Preparing ESG strategies for the ISSB
As mentioned earlier, the ISSB standards are not mandatory right now. However, the UK plans to adopt them in response to the EU’s CSRD (Corporate Sustainability Reporting Directive). So, companies might need to prepare for these standards sooner than they think.
Depending on where companies operate, they should review their ESG strategy (Environmental, Social, and Governance) and disclosure frameworks, making sure they align with both ISSB and CSRD requirements.
The future of the ISSB standards
The TCFD has been a leading force in the development of sustainability reporting standards. But, in a recent move, the Financial Stability Board (FSB), creators of the TCFD, has requested that the ISSB take over the monitoring and development of future standards.

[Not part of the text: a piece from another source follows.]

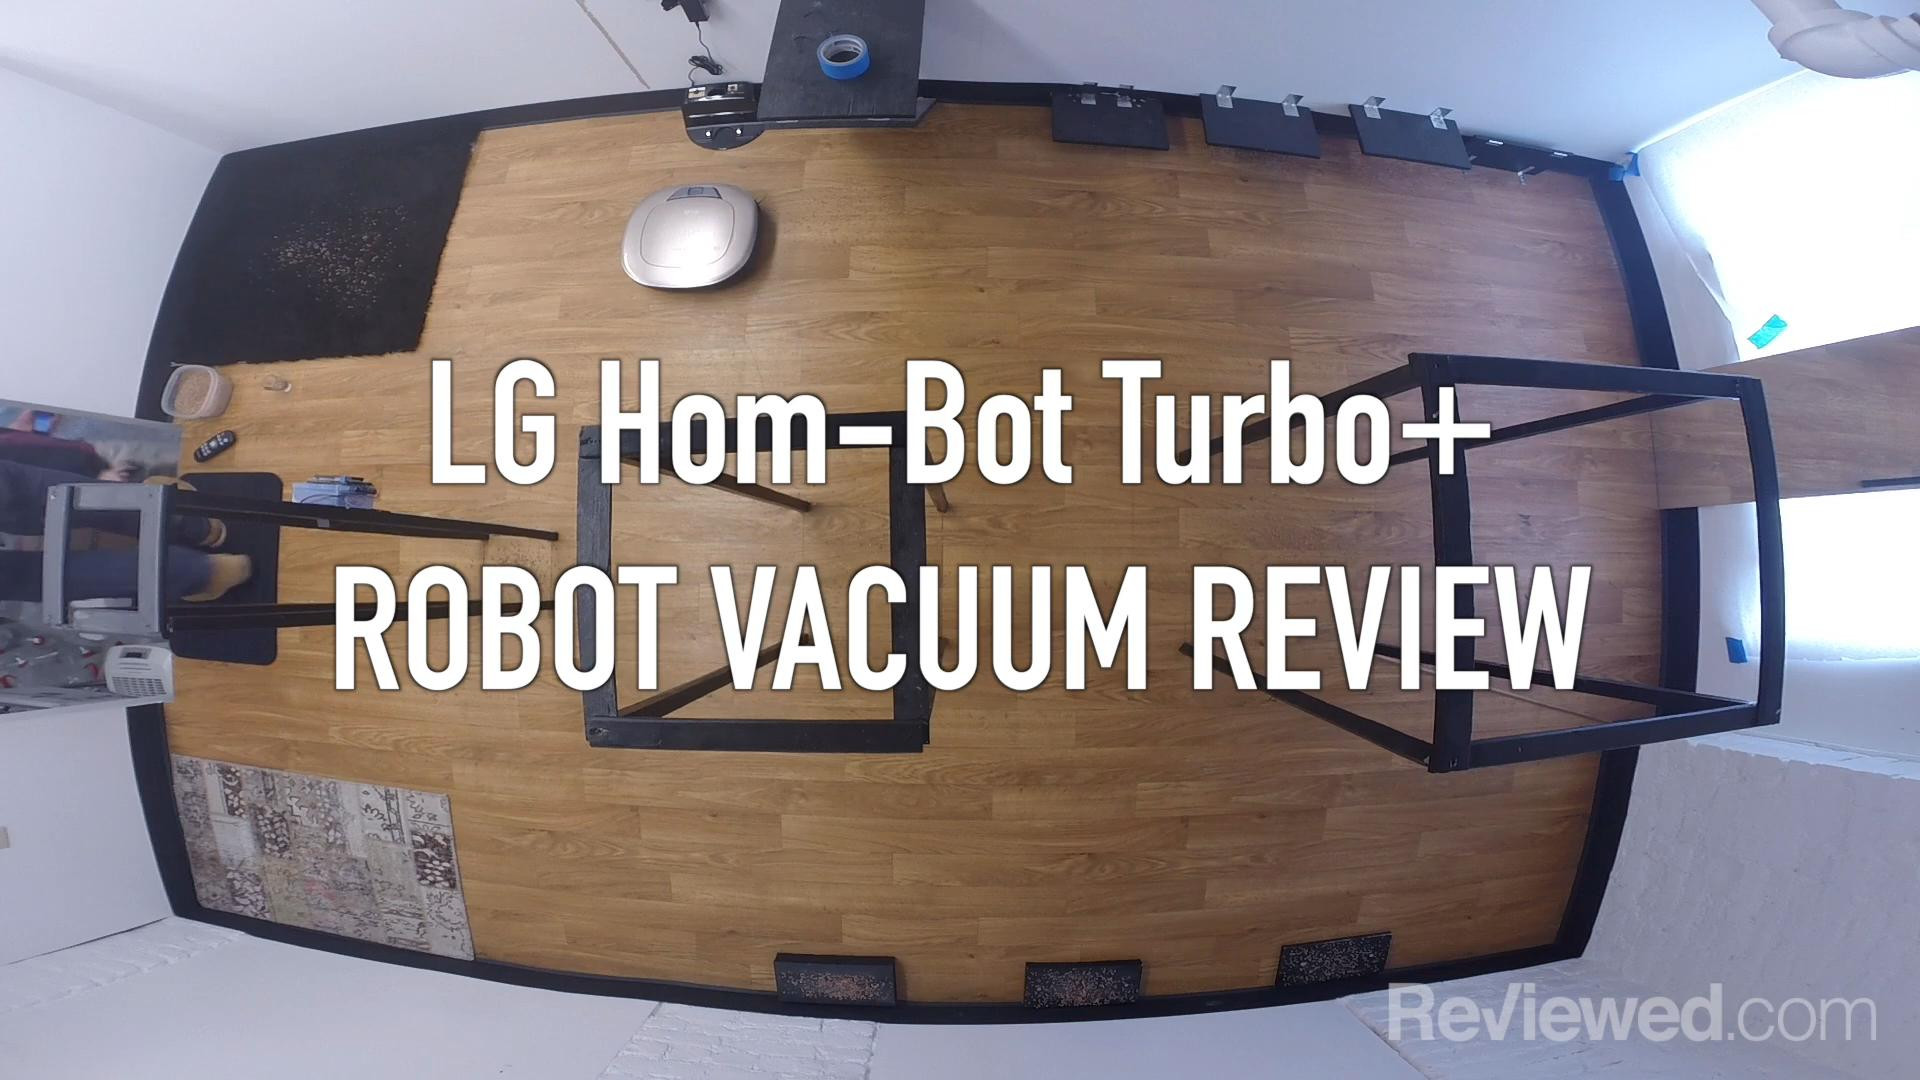 20 Ideal Hardwood Floor Cleaning Robot Reviews 2024 free download hardwood floor cleaning robot reviews of lg hom bot turbo cr5765gd robot vacuum review reviewed com robot with lg hom bot turbo cr5765gd robot vacuum review reviewed com robot vacuums

This change has been met with mixed reactions. Some see it as a positive development, as it will bring the monitoring of sustainability reporting standards in line with the global standard-setting body. Others are concerned that it could lead to a weakening of disclosure standards, as unlike the TCFD, the ISSB is not affiliated with any governmental bodies and open to corporate capture.
ISSB vs CSRD
Both the ISSB and the CSRD (Corporate Sustainability Reporting Directive) are considered the “gold standard” for the future of sustainability reporting. Offering investors, governments, and other stakeholders all the information necessary to gauge business efforts.
Both standards emphasise the importance of ESG (Environmental, Social, and Governance) performance into financial decision-making and reporting, and the CSRD will be the EU’s legally binding answer to reporting requirements. For companies who may need to report under both, there needs to be consistency in order to avoid any contradictions or confusion.
For example, there are differences between the two approaches. The primary distinction lies in their treatment of materiality. The ISSB recommends focusing solely on financially material standards, whereas the EU approach entails disclosing items that are both financially relevant and significant to the world/society.
While the ultimate level of interoperability between IFRS/ISSB and EFRAG/ESRS is yet to be determined, both standards share the common objective of establishing a global, interoperable baseline for enhanced ESG-related disclosures and EFRAG, the standard’s setter for the CSRD, has already acknowledged “the high level of interoperability reached on climate between ESRS and ISSB standards.”